Apple paid a Masimo exec millions of dollars worth of shares – as well as doubling his salary – in order to persuade him to bring patented blood oxygen tech to the company, claims a new report today.
Today’s report is the latest episode in a long-running battle between the two companies over whether or not the Apple Watch’s pulse oximeter uses Masimo’s patented tech …
The story so far
Way back in 2013, Apple reportedly contacted medical tech company Masimo, as it was interested in forming a “working relationship” with the company. Following meetings in which details of Masimo’s pulse oximeter technology was discussed, Apple is said to have begun poaching the company’s staff.
One 2013 hire, confirmed at the beginning of 2014, was Masimo’s chief medical officer, Dr. Michael O’Reilly.
In 2020, Masimo filed a lawsuit officially accusing Apple of stealing trade secrets, and infringing ten of the company’s patents, in the O2 sensor in the Apple Watch.
The dispute between the two companies escalated later the same year, when the Apple Watch Series 6 launched with a new blood oxygen detection feature. Masimo asked the US International Trade Commission to ban imports of the new model.
That attempt failed, but earlier this year a court ruled that Apple had indeed infringed one of the ten patents. The Cupertino company is trying to have the decision overturned, with a final ruling expected next month. Apple also hit back, accusing Masimo of making an Apple Watch clone.
Apple paid Masimo exec millions of dollars
The WSJ has now run a piece addressing the broader issue of Apple’s apparent habit of promising companies partnerships, only to fail to follow through, and later use very similar tech in its own products.
Masimo is one of the companies interviewed, and the scale of the offer made to O’Reilly is revealed.
A few months later, Mr. Kiani said, he got a call from his chief medical officer, Michael O’Reilly, informing him he was joining Apple, which he said had agreed to double his salary and pay him millions in Apple shares […]
Mr. Kiani is one of more than two dozen executives, inventors, investors and lawyers who described similar encounters with Apple. First, they said, came discussions about potential partnerships or integration of their technology into Apple products.

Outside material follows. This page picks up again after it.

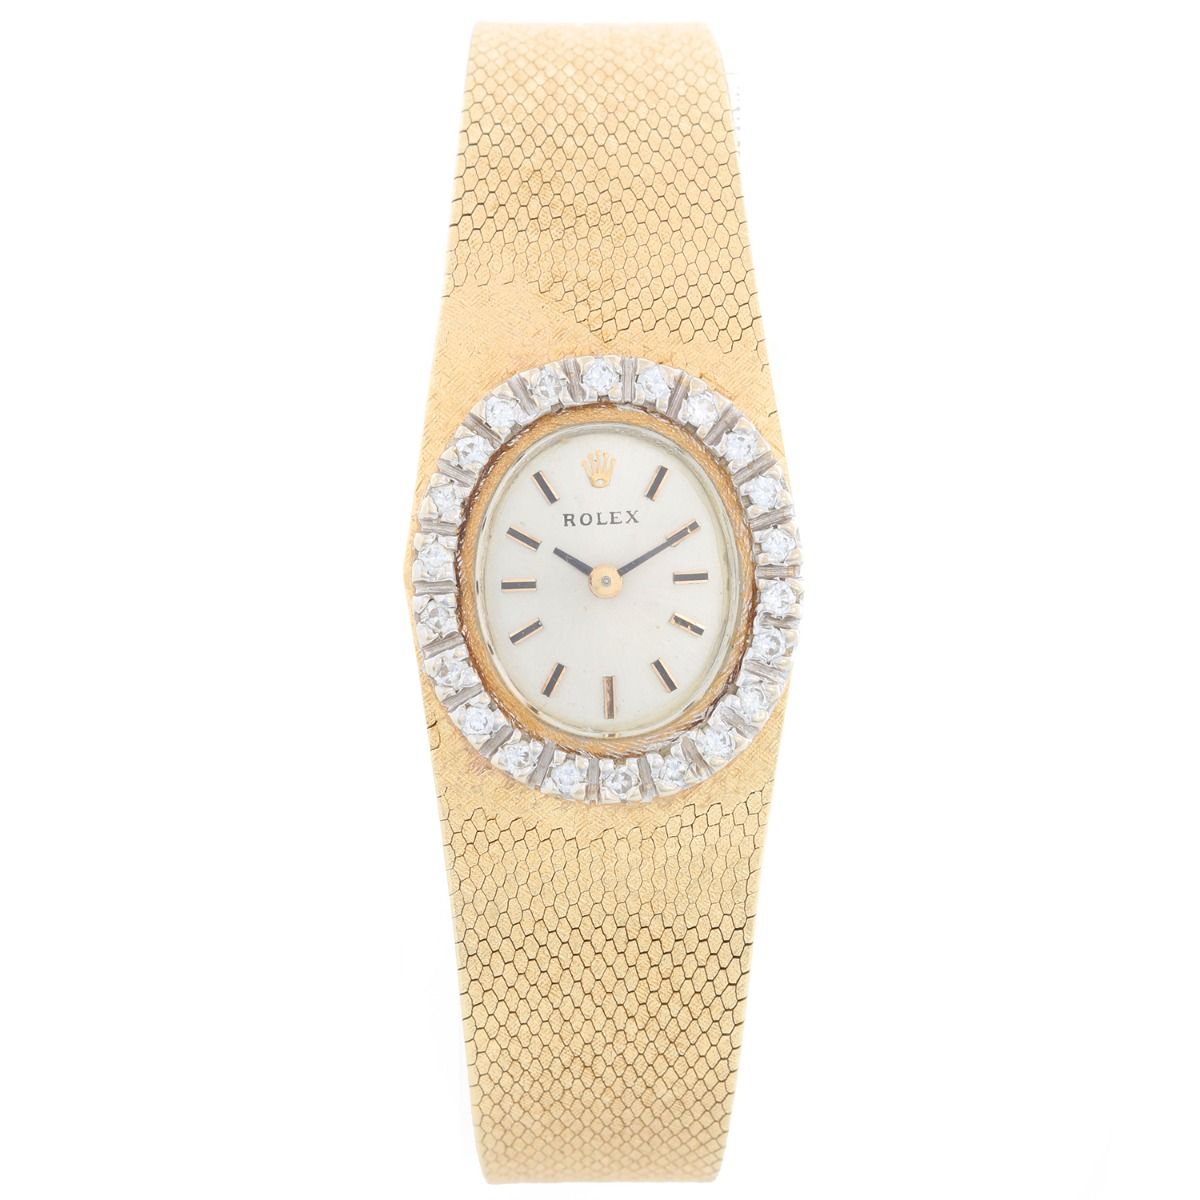 Dum efterklang petroleum Vintage Rolex Ladies 14K Yellow Gold and Diamond Dress Watch

Then, they said, talks stopped and Apple launched its own similar features.
Apple said that O’Reilly was careful not to divulge Masimo’s intellectual property during his work on the Apple Watch, and that it hired him for his expertise rather than his knowledge.
Apple’s attempts to invalidate patents
A key tactic adopted by Apple in fighting these cases is attempting to have the relevant patents declared invalid – as well as going after other patents owned by the companies, in an apparent attempt to deter such claims.
Apple has tried to invalidate hundreds of patents owned by companies that have accused Apple of violating their patents. According to lawyers and executives at some smaller companies, Apple sometimes files multiple petitions on a single patent claim and attempts to invalidate patents unrelated to the initial dispute.
9to5Mac’s Take
We’ve noted before that this is likely to be a tricky one to unravel. It’s clear that Apple did have access to a great many trade secrets from Masimo – which has long made medical monitoring equipment for hospitals – and it’s a matter of record that the Cupertino company poached several staff.
Pulse oximetry itself is very old tech, having been used in hospitals for decades, but usually it relies on a separate emitter and sensor on opposite sides of a finger or earlobe. Eliminating the need for this was a very significant development, without which the O2 functionality in the Apple Watch Series 6 and later would not be possible. Determining whether or not Apple developed this tech independently is not going to be a trivial task.
Additionally, while the implication is that Apple uses its clout to attack patents in these cases, it’s also undeniable that the patent system is a complete mess, with many patents granted for things which are either obvious, or far too general to qualify as true IP. It’s perfectly reasonable to attempt to have these types of patents invalidated.